Sin embargo, en esta sociedad del espionaje (¿qué es internet sino una herramienta para que las compañías lo sepan todo de usted y de mí?) la voluntad del usuario apenas cuenta. Realidad indignante que me obliga, cada mañana, a marcar como SPAM una baraja de correos. De poco sirve: los robots se las ingenian para contratacar aún con más saña, sin tener en cuenta mis gustos, mi estado, mis principios, mi libertad.
No hay semana en la que no me sorprenda por medio de uno de esos anuncios intrusivos.
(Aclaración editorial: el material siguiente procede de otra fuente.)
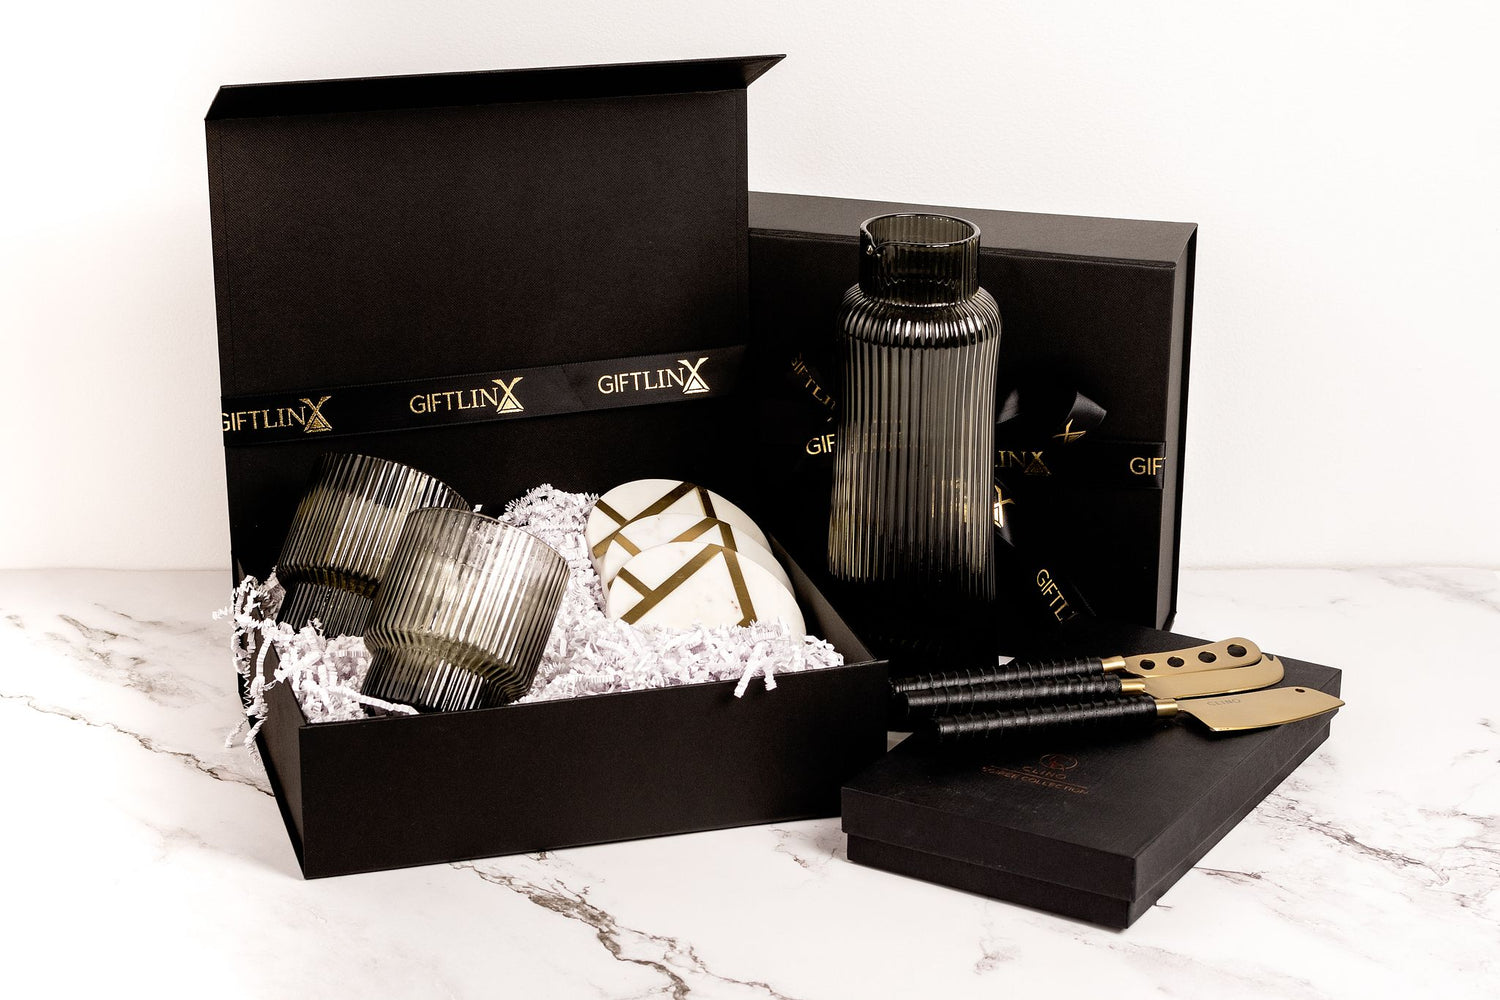 black gift box housing brass and marble coasters and ribbed glass tumblers. A ribbed glass carafe stand next to it

Un anuncio repetido, por cierto, que también se me ha colado por el teléfono móvil mediante una llamada fantasma en la que una voz femenina, susurrante y lujuriosa (grabada, tengo que añadir) me propone ser infiel a mi esposa de una manera discreta (faltaría más, añado de nuevo). ¿Quién le ha dado venia a las compañías de contactos para enviarme sus emails? ¿A quién han comprado mi dirección electrónica? ¿Qué es eso de llamarme por teléfono al dial que marcan mi mujer, mis hijos, mis amigos…? ¿A quién han comprado mi número? Y, sobre todo, cuál es el precio que me han puesto para tratar de convertirme en un traidor a mi familia; cuánto les ha costado la posibilidad de que, ante la oferta de su producto, pueda hacer un daño irreparable a los míos.
La realidad virtual ofrece la posibilidad de entender la vida como un juego sin responsabilidades, pues la pantalla protege, en principio, nuestra identidad. Por eso hay tantas personas que, amparadas por la soledad, ante la computadora se transforman en monstruos, aunque la vecindad les tenga por gente correcta que da los buenos días y baja la basura al portal. El flirteo on-line no deja de ser uno de estos juegos, un juego peligroso a pesar de su apariencia divertida. El disfraz que vestimos en la red de redes nos permite mantener contactos brevísimos, relaciones fugaces que prefiero no detenerme a describir.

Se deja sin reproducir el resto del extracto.